● **HOW TO COMPLETE THIS TASK**:
Images aside, the whole listing should be written out word for word.

● **GIVEN INFORMATION**:
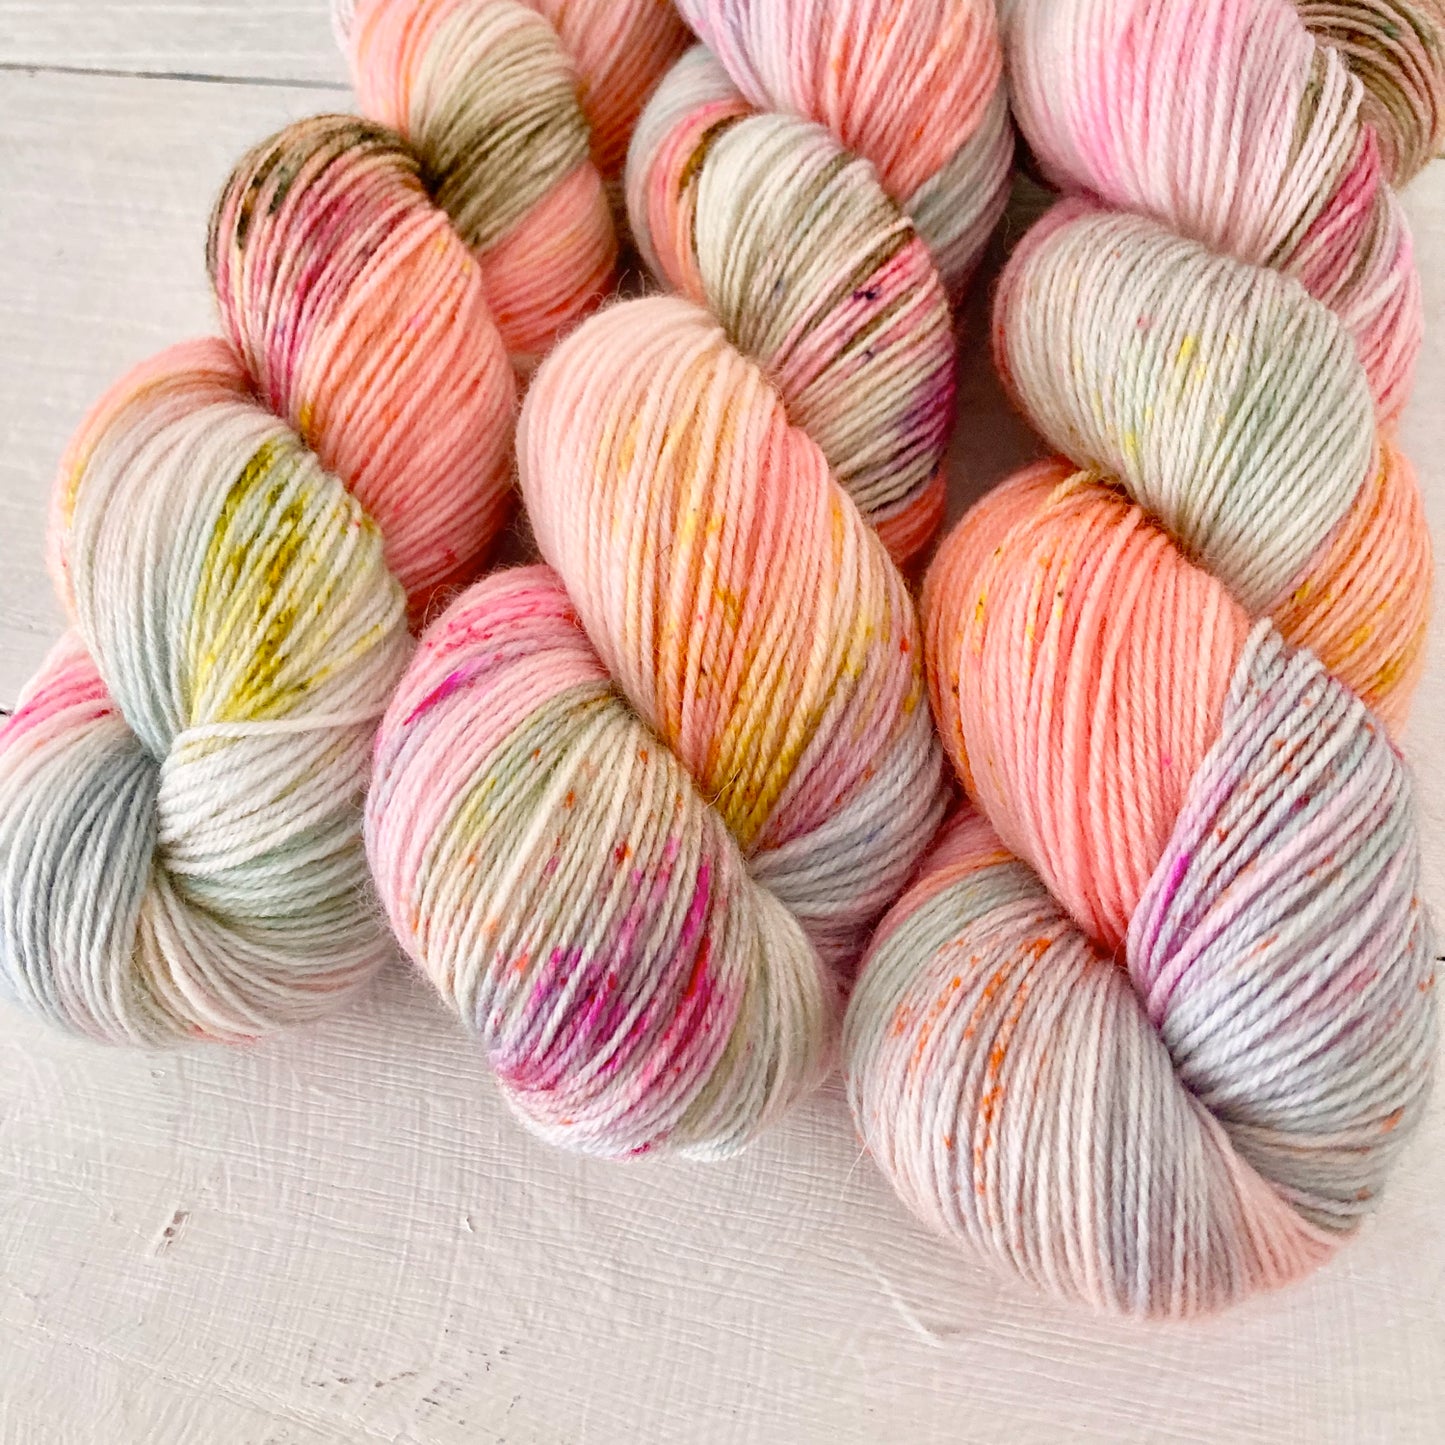 Hand-dyed yarn No.241 sock yarn "L'enfant et les sortilèges"
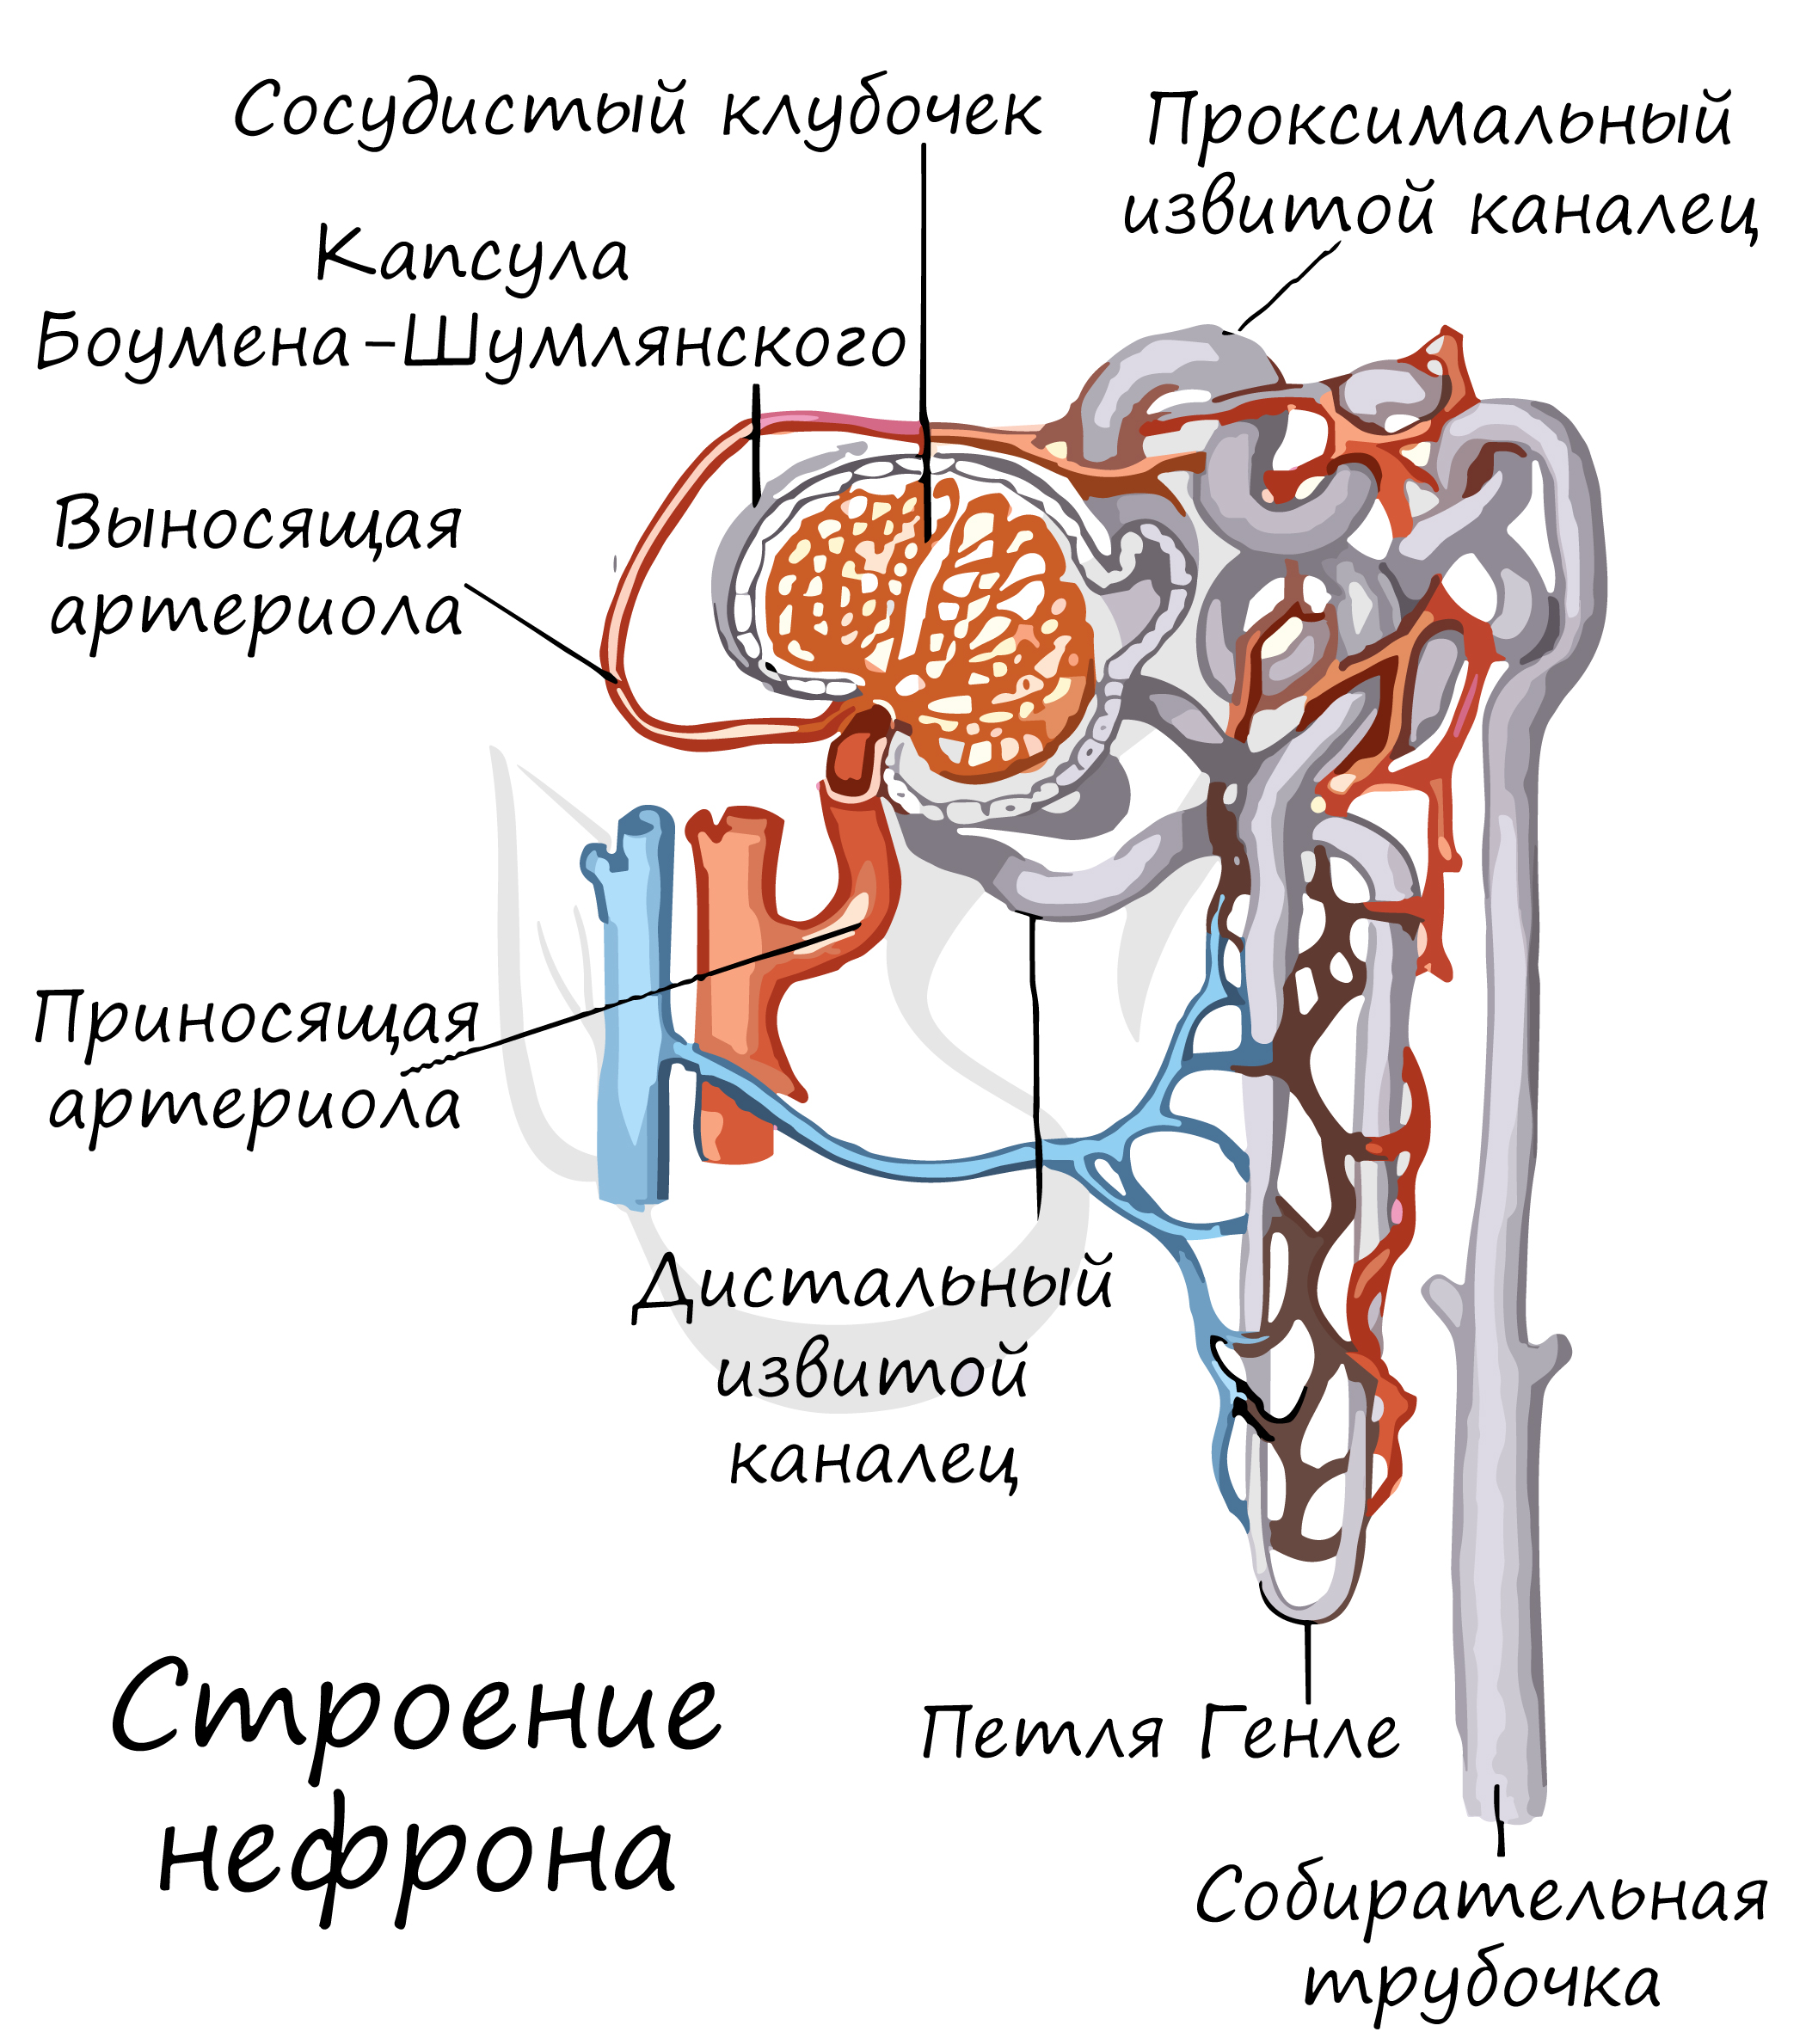 Моча которая образуется в капсуле нефрона. Выделительная система человека нефрон. Выносящая артериола нефрона. Мальпигиево тельце нефрона. Мочевыделительная система нефрон.
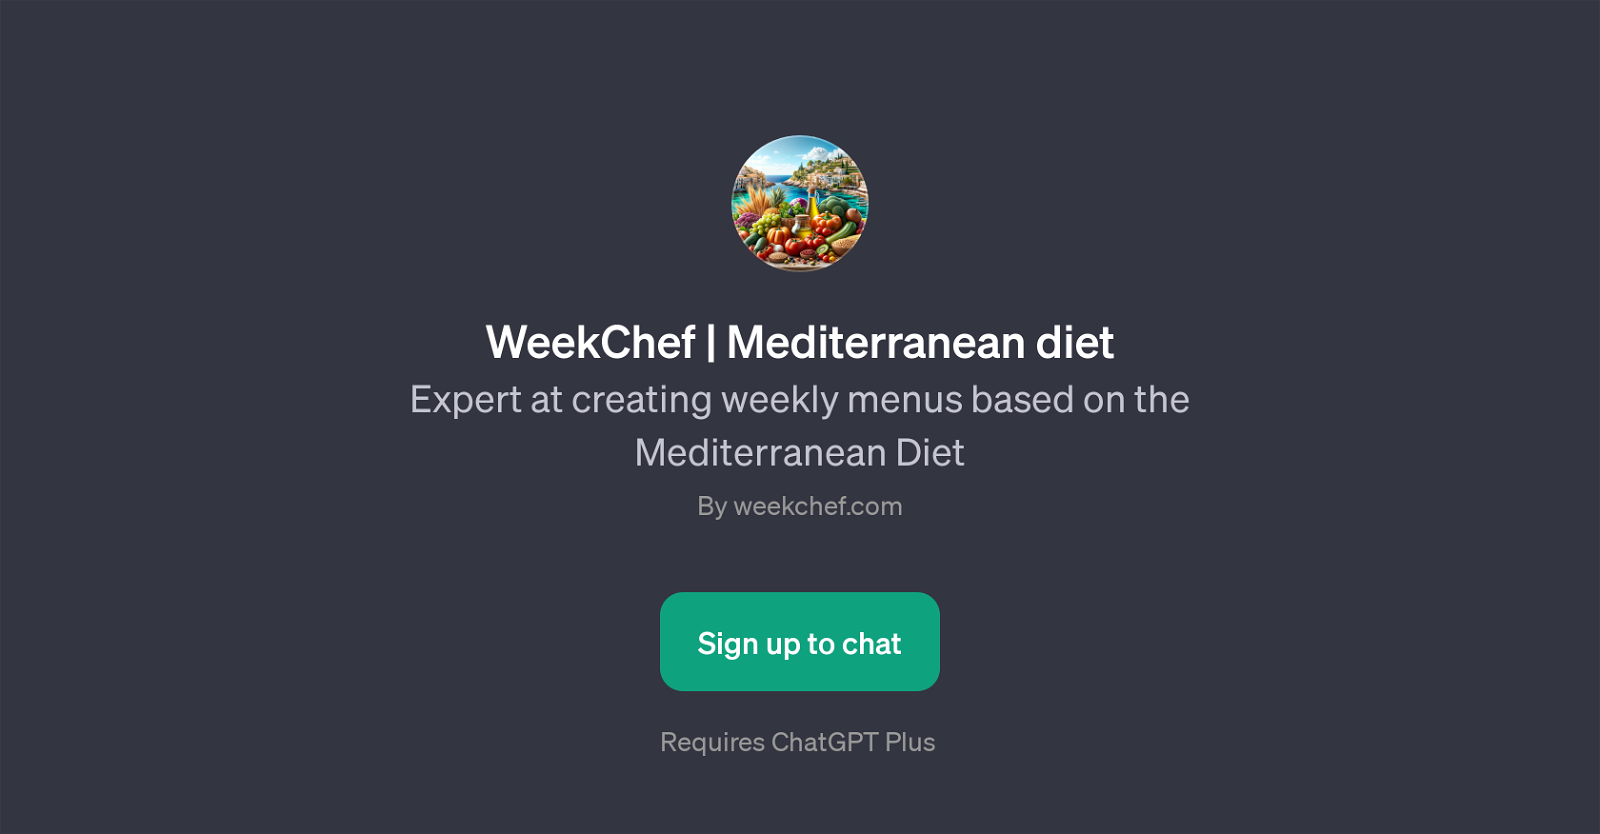 WeekChef | Mediterranean diet website

● **RESPONSE TO THIS TASK**:
 Hand-dyed yarn No.241 sock yarn "L'enfant et les sortilèges"
 Моча которая образуется в капсуле нефрона. Выделительная система человека нефрон. Выносящая артериола нефрона. Мальпигиево тельце нефрона. Мочевыделительная система нефрон.
 WeekChef | Mediterranean diet website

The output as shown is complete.